The intention behind this post is to give you only an introduction to what recursion is, so at least starting the next post, we are already okay with the ideas.
We will also cover some analysis, but nothing too formal, we’ll save that stuff for after building up some experience.
Then after all that, I’ll cover Karatsuba’s algorithm. A really cool algorithm on how to quickly multiply integers.
Typically, most content I’ve seen would first cover a lot of cases for analysis before giving the algorithms themselves. I’ve decided to do this a little differently becase I think it flows better that way. And, because we’re not constrained by the time frame of a single semester.

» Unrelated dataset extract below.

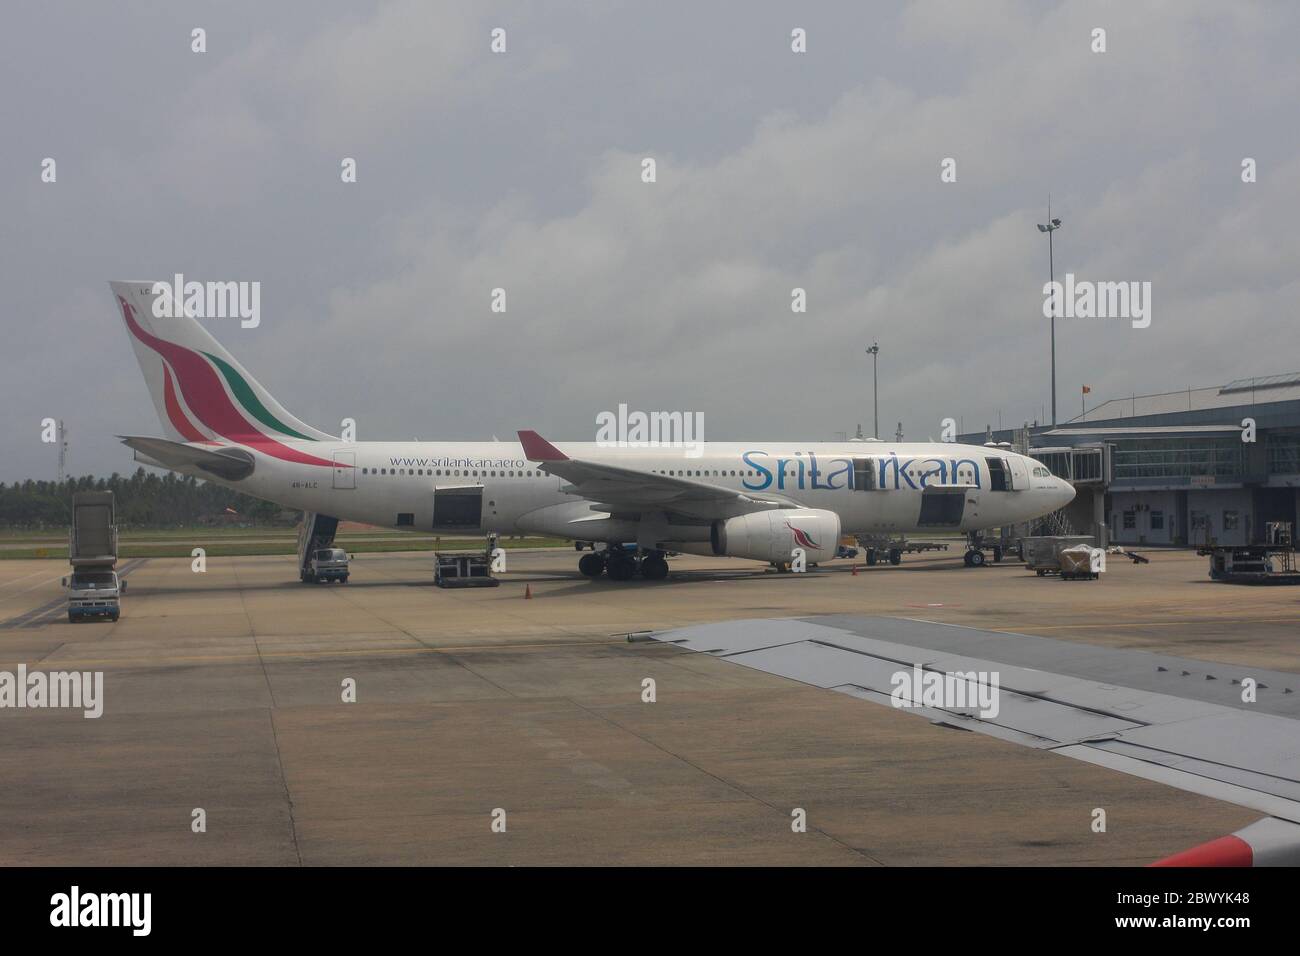 A Sri Lankan Airlines Airbus A330-200 aircraft at Bandaranaike International Airport. Sri Lanka Stock Photo

And then in the second half of this post, it’s bonus content that is optional, but I think provides some really nice background on stuff that happens in practice, for recursion.
Recursion, The Idea
Let’s run through the idea of recursion first. We won’t be too formal, I just want you to get used to what it is sort of like first. Then, after we know a little more, we can delve further into it.
Binary Search
Binary search! We’ve already seen this previously but let’s cover it formally. As I’ve mentioned, binary search is a very common algorithm and is a very handy tool that is often times used as a building block for other things. The problem to solve is as follows:
Binary Search:
Input: You are given an array of \(n\) values as arr
. The values come in nondecreasing order.
You’re also given a value as query
.
Problem: Decide if query
exists in arr
.
Let’s do an example where we’re given arr
is an array of \(n\) integers.
Example input for binary search.
Let’s say that we were searching for \(46\).
Now the idea is to start in the middle of arr
, and we compare against the the value found
in the middle. Now \(46\) is larger than \(40\), so based on that comparison, we know that
if \(46\) is to be found, it has to be in the remaining portion of the array that is to
the “right” of the middle.
So at this point, we recurse on the right half of the array, by choosing to binary search on the remaining part. That’s it! In our algorithm we do nothing else. The subsequent problem will be solved by a separate instance of binary search.
What one instance of binary search deals with, and what it doesn’t.
Notice how our algorithm does some work, then decides how to “break” the problem into a smaller one. In our context, we make the observation that searching for \(46\) basically boils down to searching for \(46\) in the right half of the array. Wahey! It’s the same problem but on a smaller portion of the array. So that’s how we’ve decided how to decompose the problem.
In some sense, in one step of binary search, we only really “see” the middle value,
and the rest of the values are not of our concern. Once we’ve seen it,
we can decide which half of the array to invoke a new instance of binary search on,
and that instance does its own thing and if we trust that it works and gives us the
correct answer, we can forward their answer to the question of whether query
exists.
The last thing we need to concern ourselves with is a base case. I.e. the smallest
version of the problem we do not recurse on. A safe one would be an empty array.
That’s the smallest possible case that we don’t have to recurse on. When the
array is empty, we know that we didn’t find the value we were looking for,
so we return False
.
Now of course what happens in reality (for this example), is that the algorithm does something along the lines of:
 Start in the middle, sees \(40\), recurses on the right side.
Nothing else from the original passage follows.